This year I had the sense to take off the wedding rings and tennis bracelet, having last year “lost” the bracelet inside the stuffing, necessitating a bizarre search through bread, onions, celery, pine nuts, parsley, sage and, of course, rosemary and thyme. While I am sure the bracelet would have survived five hours in a 325-degree oven, I’m equally sure no guest wants his or her dinner to contain the hostess’s jewelry.

What the Sunday Times delivered along with still-more depressing news about the strange and convoluted discussions of American responses to health care reform — responses based on ignorance, ambiguity, greed and anger — was a magazine devoted to food. Appropriate for the day, although the United States is largely unaware there is an earlier Thanksgiving weekend taking place geographically above their heads. The concatenation was purely coincidental.

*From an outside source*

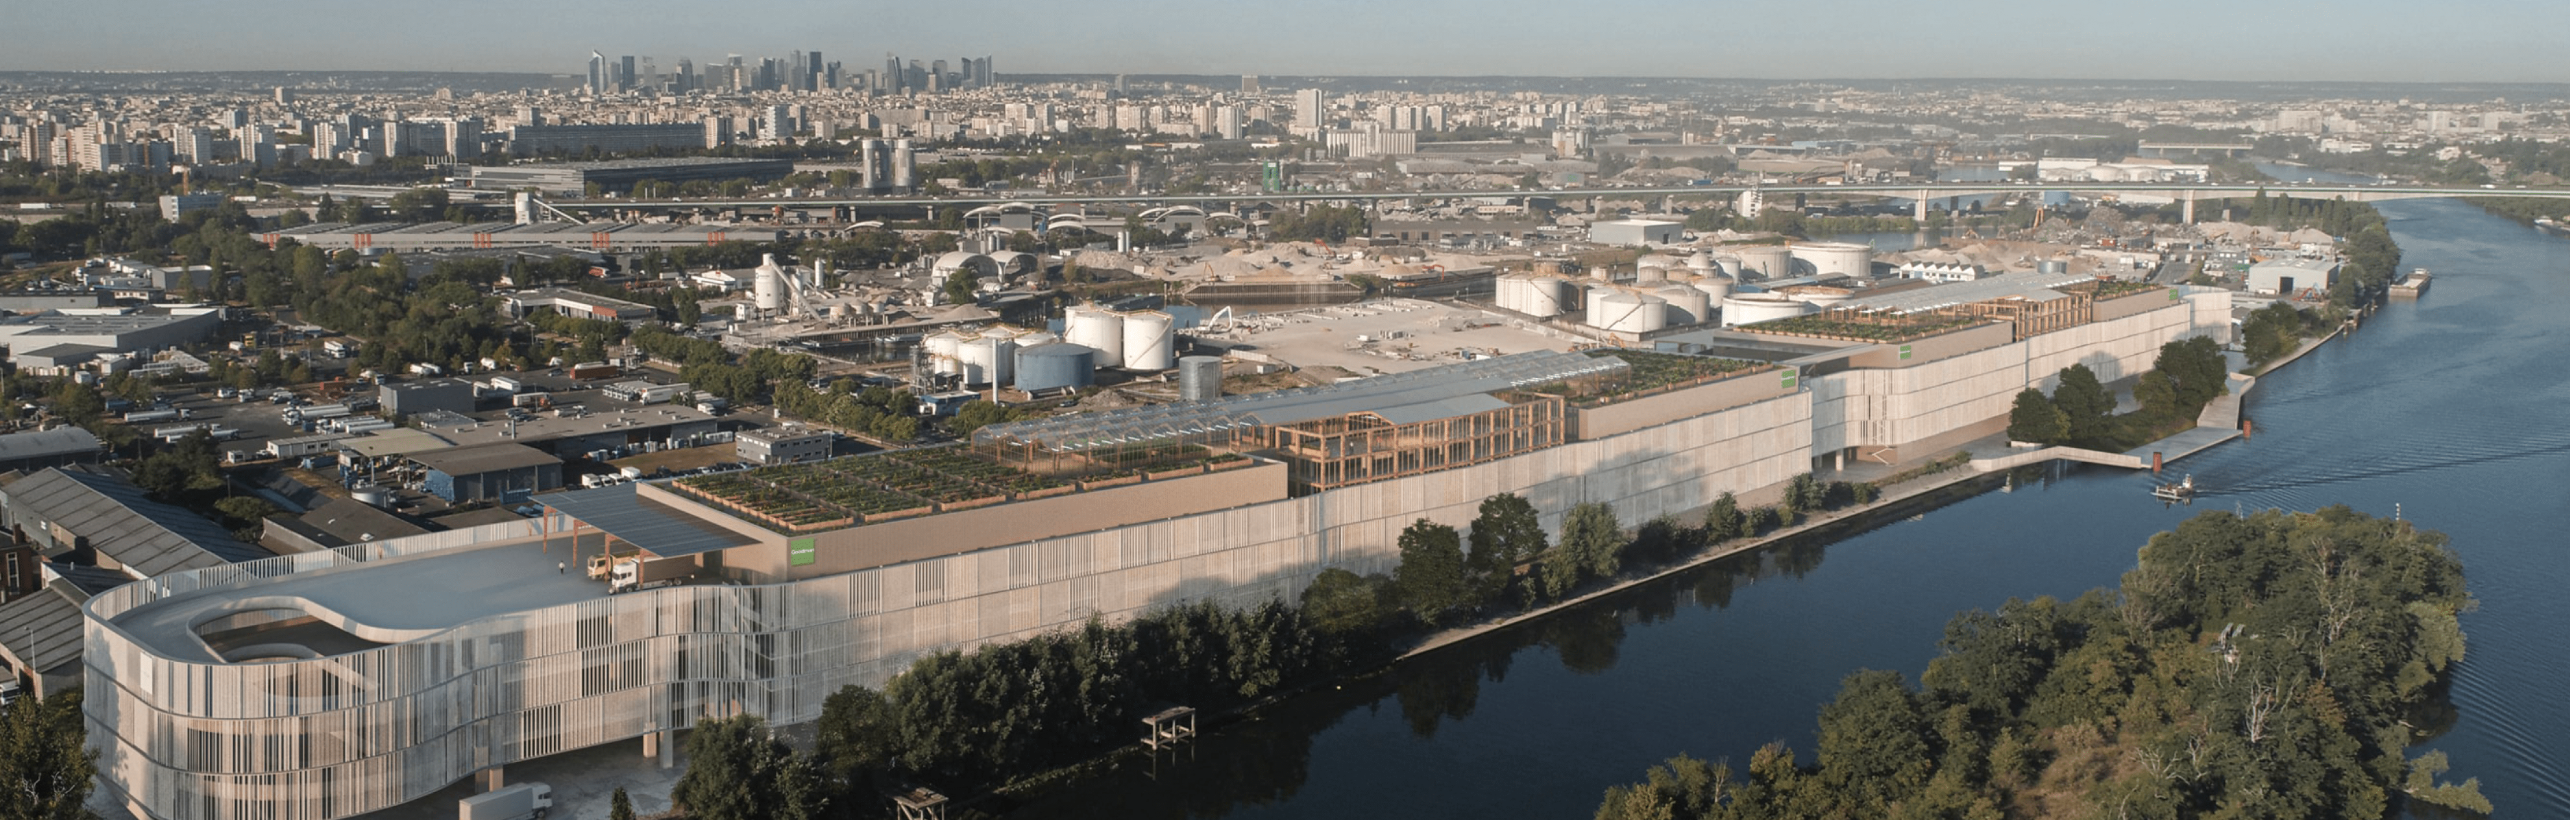 goodman-desarrollará-green-dock-complejo-portuario-fluvial-en-parís-alt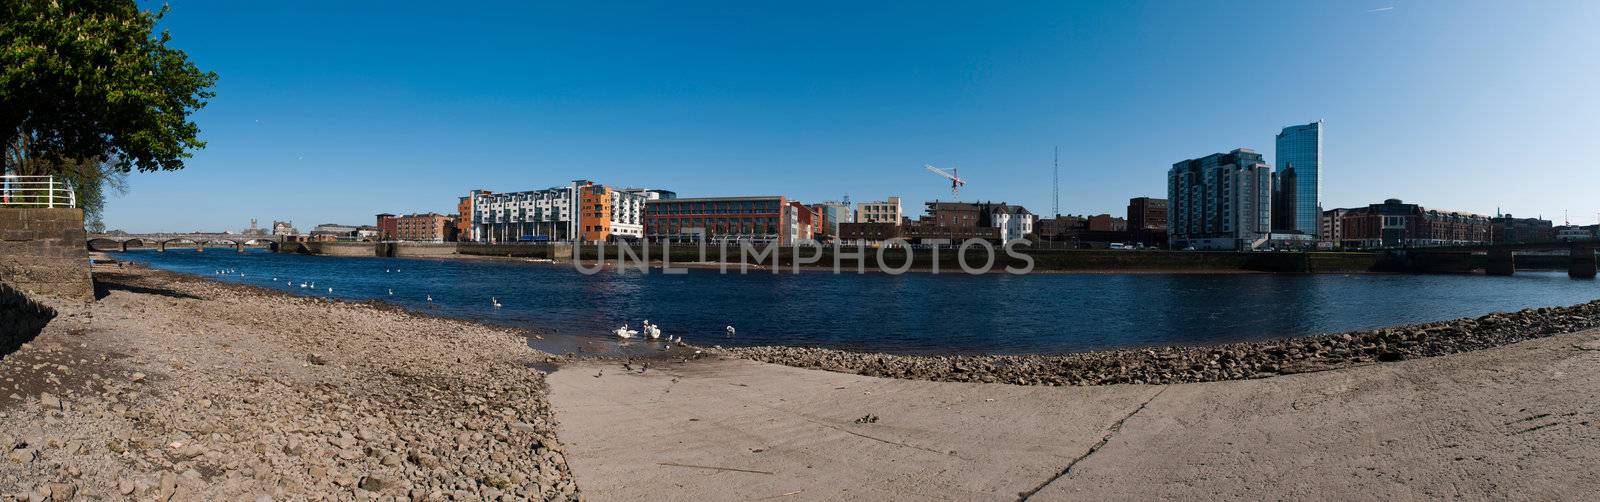 Limerick panorama by luissantos84

(As a matter of interest, Martin Frobisher held the very first feast of giving thanks in North America in gratitude for his surviving a search for the Northwest Passage. The celebration in Newfoundland and Labrador in 1578 predates by 43 years the first Pilgrims’ Thanksgiving feast in Plymouth, Massachusetts in 1621. But thanks to the American penchant for believing nothing happens until the United States is involved — see any movie about the Second World War — the Pilgrims get all the glory. )

What Canadians get, thankfully, is a holiday closer to our more-northern harvest season and equally thankfully, farther from Christmas than the fourth Thursday in November.

But none of that was on my mind Sunday as I wrestled with a giant bird that had to be ready — with all the trimmings and accompaniments — for 19 hungry people by 6:30 p.m.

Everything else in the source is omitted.